The $7.8 billion in tax relief that Amazon and founder Jeff Bezos received last year under Trump's tax law? That's equivalent to what the median U.S. household—earning about $78,000 annually—would make over 100,000 years. Yes, you read that correctly. One hundred thousand years.
Warren posted her analysis on X Wednesday, and she didn't stop at household income. She pointed out that Amazon's tax break was four times larger than the revenue from Taylor Swift's record-breaking Eras Tour, which brought in $2 billion and became the highest-grossing tour in history. She also compared it to the earnings of Kim Kardashian, basketball star LeBron James, and even the average S&P 500 CEO. The point? Even wildly successful celebrities and executives don't come close to the tax incentives handed to Bezos and other billionaires.
"Amazon and Jeff Bezos are getting the sweetest deal of all, thanks to Donald Trump," Warren said.

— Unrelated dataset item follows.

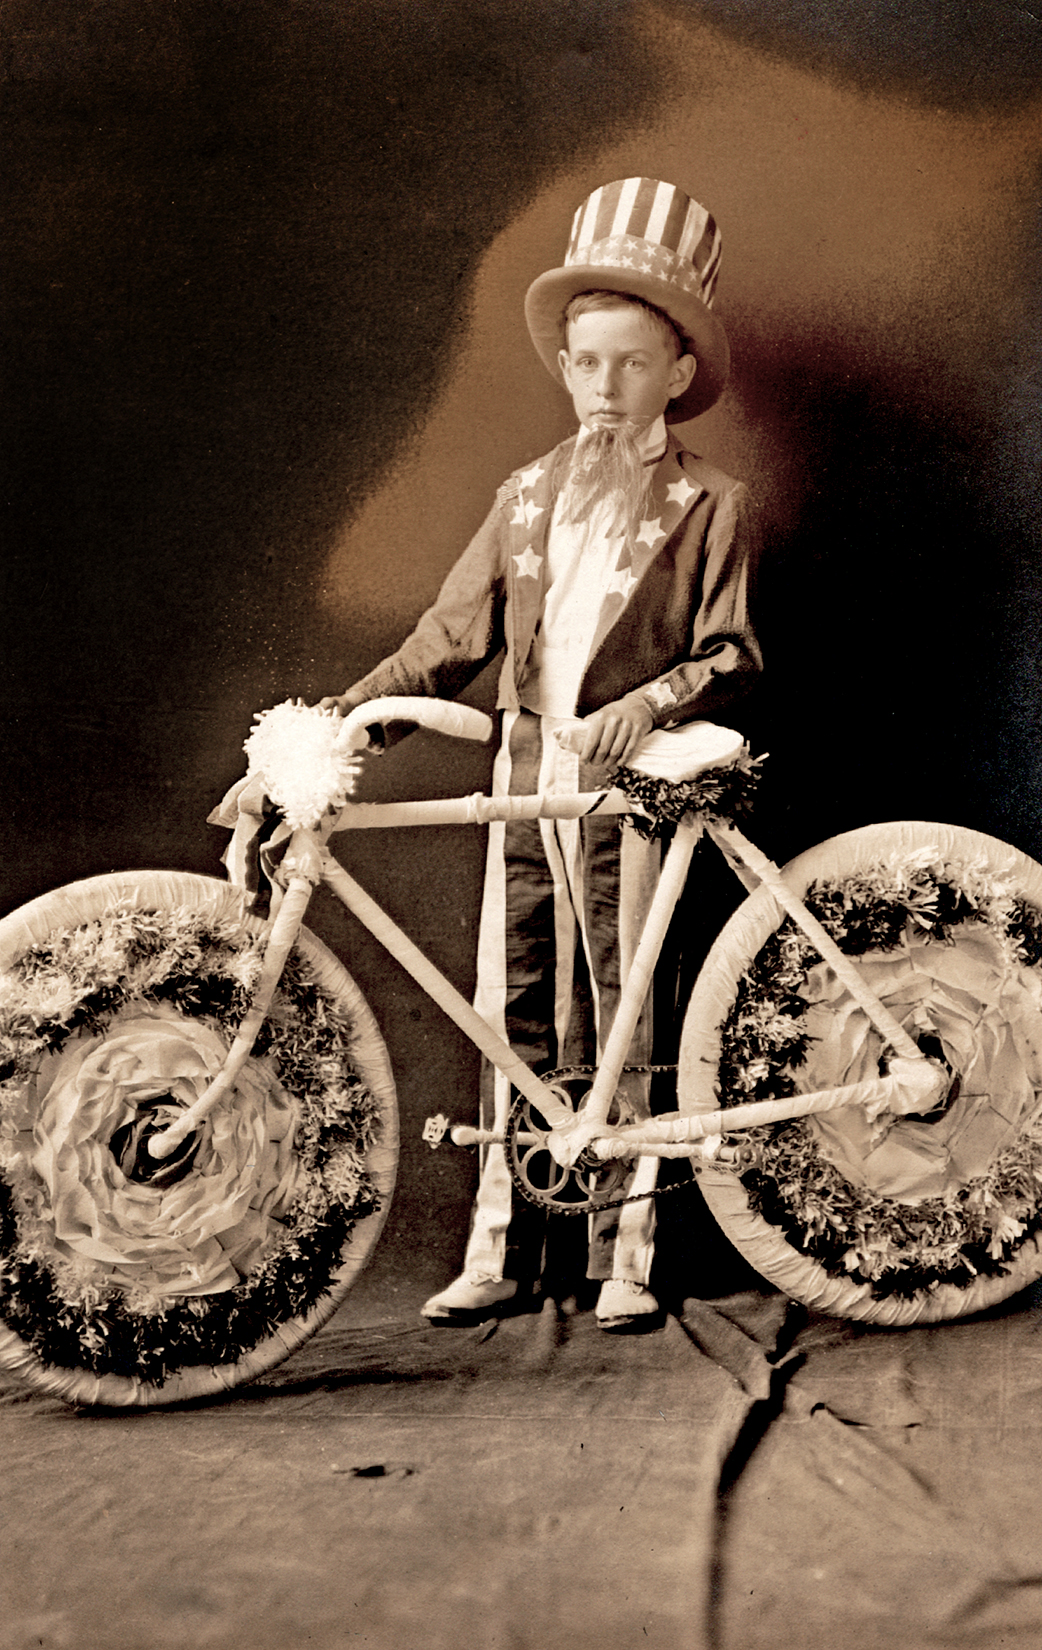 A Social History of the Bicycle as Depicted on Real Photo Post

Her broader argument is about priorities. Warren contends that Trump redirected taxpayer money that could have lowered healthcare costs and instead delivered it to one of the world's wealthiest individuals. It's part of her ongoing critique of corporate tax breaks and what she sees as a system that favors corporations over people.
The Numbers Behind the Outrage
Warren's criticism gained fuel from Amazon's 10-K filing earlier this month, which revealed something remarkable: the company's tax bill dropped from $9 billion in 2024 to just $1.2 billion in 2025, even as profits climbed higher.
How'd that happen? Amazon pointed to new depreciation breaks and expanded R&D incentives introduced by Republican tax cuts, referring to them as "changes by Congress." The company also noted it invested an estimated $340 billion in the U.S. during 2025.
Still, a nearly $8 billion reduction in taxes while profits grow has sparked serious debate about fairness in the tax code. An Oxfam report previously warned that the Republican tax bill could worsen wealth inequality in America, arguing the legislation disproportionately benefits the wealthy. According to their analysis, a 3% tax on wealth above $1 billion could generate $50 billion from just the 10 richest Americans—enough to fund a full year of food aid for 22.5 million people.
Sen. Bernie Sanders (I-VT) has been hammering similar themes. In an X post Wednesday, Sanders accused the billionaire class of targeting working families and criticized advertisements opposing a 5% tax on fortunes above $50 million. His message was blunt: the wealthy need to pay their fair share instead of fighting modest tax increases.
The debate isn't just about Amazon or Bezos specifically. It's about whether the current tax system creates reasonable incentives for investment and growth, or whether it's tilted so heavily toward the ultra-wealthy that it undermines basic fairness. Warren's 100,000-year comparison is designed to make that abstract question feel very, very concrete.